#### [What to produce]
Give the lines below again exactly, starting with the line that holds "銘記歷史 香港舉行「南京大屠殺死難者國家公祭日」儀式" and going on through the line that holds "122_(제32회 포럼 자료집)".

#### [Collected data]
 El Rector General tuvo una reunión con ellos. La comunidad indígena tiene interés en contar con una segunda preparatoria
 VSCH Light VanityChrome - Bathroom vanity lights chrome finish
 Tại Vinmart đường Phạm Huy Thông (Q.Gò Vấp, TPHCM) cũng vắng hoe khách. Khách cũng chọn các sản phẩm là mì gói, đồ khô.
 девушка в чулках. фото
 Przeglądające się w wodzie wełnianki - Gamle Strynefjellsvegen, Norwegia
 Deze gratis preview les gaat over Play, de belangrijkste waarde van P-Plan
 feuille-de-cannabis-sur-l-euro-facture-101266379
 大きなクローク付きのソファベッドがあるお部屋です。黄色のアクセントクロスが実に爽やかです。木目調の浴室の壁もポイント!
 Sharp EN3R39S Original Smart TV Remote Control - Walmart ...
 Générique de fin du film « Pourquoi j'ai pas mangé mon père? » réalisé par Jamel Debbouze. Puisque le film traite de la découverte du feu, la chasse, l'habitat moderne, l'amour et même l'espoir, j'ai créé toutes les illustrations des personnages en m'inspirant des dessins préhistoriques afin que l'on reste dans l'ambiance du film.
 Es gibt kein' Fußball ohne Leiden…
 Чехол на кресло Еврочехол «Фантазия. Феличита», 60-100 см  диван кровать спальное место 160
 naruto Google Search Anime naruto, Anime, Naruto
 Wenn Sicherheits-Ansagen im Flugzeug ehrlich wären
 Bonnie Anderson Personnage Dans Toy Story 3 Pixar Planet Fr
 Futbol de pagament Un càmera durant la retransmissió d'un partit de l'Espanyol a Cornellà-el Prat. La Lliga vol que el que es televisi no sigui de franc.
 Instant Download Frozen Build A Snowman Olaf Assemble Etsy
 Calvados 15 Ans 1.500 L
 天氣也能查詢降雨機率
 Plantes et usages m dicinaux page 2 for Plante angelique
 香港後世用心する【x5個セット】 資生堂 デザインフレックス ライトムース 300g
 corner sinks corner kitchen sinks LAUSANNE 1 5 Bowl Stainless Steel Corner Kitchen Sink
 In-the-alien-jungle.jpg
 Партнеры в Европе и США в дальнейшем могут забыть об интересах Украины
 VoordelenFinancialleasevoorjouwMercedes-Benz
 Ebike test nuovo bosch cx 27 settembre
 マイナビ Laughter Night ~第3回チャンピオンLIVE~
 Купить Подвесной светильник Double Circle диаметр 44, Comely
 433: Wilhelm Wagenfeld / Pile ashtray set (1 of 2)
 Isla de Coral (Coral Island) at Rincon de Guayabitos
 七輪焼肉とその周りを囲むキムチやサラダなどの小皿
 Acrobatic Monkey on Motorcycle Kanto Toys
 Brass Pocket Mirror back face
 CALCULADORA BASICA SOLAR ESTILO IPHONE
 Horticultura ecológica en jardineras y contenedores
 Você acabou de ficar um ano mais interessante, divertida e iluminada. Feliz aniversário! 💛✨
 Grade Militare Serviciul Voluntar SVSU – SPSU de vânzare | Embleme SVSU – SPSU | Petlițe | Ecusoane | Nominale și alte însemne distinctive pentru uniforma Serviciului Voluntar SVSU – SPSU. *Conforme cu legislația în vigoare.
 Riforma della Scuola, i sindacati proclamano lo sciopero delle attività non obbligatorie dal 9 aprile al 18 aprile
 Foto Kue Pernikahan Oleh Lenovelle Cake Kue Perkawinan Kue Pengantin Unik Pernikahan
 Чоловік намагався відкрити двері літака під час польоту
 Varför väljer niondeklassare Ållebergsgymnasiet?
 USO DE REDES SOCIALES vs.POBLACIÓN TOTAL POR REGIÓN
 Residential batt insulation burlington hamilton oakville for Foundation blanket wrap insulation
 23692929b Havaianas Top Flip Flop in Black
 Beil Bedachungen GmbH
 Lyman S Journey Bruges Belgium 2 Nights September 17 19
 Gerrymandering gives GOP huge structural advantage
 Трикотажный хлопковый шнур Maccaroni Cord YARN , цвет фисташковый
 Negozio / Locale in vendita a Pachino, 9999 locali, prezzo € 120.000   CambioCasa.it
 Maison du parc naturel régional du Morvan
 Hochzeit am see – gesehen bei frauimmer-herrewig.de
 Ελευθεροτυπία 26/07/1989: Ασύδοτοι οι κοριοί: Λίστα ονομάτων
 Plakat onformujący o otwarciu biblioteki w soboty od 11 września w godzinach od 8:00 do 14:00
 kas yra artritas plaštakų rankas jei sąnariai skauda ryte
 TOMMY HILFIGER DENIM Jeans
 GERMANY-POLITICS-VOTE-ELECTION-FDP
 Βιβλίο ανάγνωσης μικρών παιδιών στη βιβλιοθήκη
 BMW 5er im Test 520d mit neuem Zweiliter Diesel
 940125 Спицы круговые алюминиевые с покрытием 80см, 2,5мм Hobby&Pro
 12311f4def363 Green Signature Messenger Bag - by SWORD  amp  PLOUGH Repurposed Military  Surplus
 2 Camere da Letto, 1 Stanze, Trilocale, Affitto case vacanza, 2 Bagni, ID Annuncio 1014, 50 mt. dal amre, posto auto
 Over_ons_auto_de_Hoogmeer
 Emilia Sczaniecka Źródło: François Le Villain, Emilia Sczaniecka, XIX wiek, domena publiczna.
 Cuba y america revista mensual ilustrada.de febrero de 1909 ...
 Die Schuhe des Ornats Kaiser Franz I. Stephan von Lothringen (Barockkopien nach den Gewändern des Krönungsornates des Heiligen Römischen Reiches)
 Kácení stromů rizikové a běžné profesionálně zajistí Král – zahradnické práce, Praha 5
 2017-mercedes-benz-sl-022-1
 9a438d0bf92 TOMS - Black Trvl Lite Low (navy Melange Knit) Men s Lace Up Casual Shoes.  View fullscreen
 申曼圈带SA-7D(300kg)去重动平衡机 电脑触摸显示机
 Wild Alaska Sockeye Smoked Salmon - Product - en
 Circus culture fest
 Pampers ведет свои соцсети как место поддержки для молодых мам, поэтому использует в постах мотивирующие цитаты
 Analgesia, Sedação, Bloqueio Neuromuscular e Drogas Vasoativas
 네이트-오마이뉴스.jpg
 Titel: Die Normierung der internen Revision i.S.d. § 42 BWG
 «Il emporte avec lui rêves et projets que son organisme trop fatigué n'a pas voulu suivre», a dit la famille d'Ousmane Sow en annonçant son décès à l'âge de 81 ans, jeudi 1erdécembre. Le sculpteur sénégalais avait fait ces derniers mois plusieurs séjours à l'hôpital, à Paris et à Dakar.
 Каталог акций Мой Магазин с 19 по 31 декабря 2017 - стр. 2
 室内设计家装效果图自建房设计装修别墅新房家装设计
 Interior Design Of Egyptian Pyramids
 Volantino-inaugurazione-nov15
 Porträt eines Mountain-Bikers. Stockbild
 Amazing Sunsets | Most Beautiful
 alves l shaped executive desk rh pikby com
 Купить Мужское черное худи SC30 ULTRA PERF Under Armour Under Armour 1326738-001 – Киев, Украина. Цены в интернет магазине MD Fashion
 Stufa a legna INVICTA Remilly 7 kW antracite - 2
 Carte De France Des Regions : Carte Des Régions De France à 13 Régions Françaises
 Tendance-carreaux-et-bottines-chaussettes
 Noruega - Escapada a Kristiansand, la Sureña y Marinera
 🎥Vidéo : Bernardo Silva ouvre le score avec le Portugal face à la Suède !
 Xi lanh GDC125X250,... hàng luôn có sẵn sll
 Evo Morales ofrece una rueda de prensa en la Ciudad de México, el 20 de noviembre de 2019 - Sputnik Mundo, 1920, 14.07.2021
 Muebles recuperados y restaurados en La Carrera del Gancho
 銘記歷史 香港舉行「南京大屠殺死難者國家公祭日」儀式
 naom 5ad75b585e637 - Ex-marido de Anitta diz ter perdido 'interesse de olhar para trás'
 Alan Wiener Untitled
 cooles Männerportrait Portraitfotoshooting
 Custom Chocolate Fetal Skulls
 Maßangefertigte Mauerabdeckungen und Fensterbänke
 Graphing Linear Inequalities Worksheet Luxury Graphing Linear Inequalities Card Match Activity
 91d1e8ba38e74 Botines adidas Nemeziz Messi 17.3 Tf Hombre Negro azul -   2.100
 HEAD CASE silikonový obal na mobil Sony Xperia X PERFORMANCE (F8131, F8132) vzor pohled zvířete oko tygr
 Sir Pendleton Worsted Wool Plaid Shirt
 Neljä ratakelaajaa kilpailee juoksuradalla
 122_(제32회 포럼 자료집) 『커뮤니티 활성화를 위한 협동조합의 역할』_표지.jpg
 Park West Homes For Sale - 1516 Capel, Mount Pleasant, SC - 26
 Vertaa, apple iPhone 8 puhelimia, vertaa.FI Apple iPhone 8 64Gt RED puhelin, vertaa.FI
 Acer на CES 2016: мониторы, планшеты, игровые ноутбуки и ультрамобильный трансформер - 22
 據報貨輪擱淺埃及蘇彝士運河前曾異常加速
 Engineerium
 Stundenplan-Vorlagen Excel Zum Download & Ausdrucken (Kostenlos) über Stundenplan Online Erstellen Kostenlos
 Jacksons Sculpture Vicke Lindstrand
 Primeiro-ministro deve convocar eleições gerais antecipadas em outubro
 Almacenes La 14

#### [Response area]
 銘記歷史 香港舉行「南京大屠殺死難者國家公祭日」儀式
 naom 5ad75b585e637 - Ex-marido de Anitta diz ter perdido 'interesse de olhar para trás'
 Alan Wiener Untitled
 cooles Männerportrait Portraitfotoshooting
 Custom Chocolate Fetal Skulls
 Maßangefertigte Mauerabdeckungen und Fensterbänke
 Graphing Linear Inequalities Worksheet Luxury Graphing Linear Inequalities Card Match Activity
 91d1e8ba38e74 Botines adidas Nemeziz Messi 17.3 Tf Hombre Negro azul -   2.100
 HEAD CASE silikonový obal na mobil Sony Xperia X PERFORMANCE (F8131, F8132) vzor pohled zvířete oko tygr
 Sir Pendleton Worsted Wool Plaid Shirt
 Neljä ratakelaajaa kilpailee juoksuradalla
 122_(제32회 포럼 자료집) 『커뮤니티 활성화를 위한 협동조합의 역할』_표지.jpg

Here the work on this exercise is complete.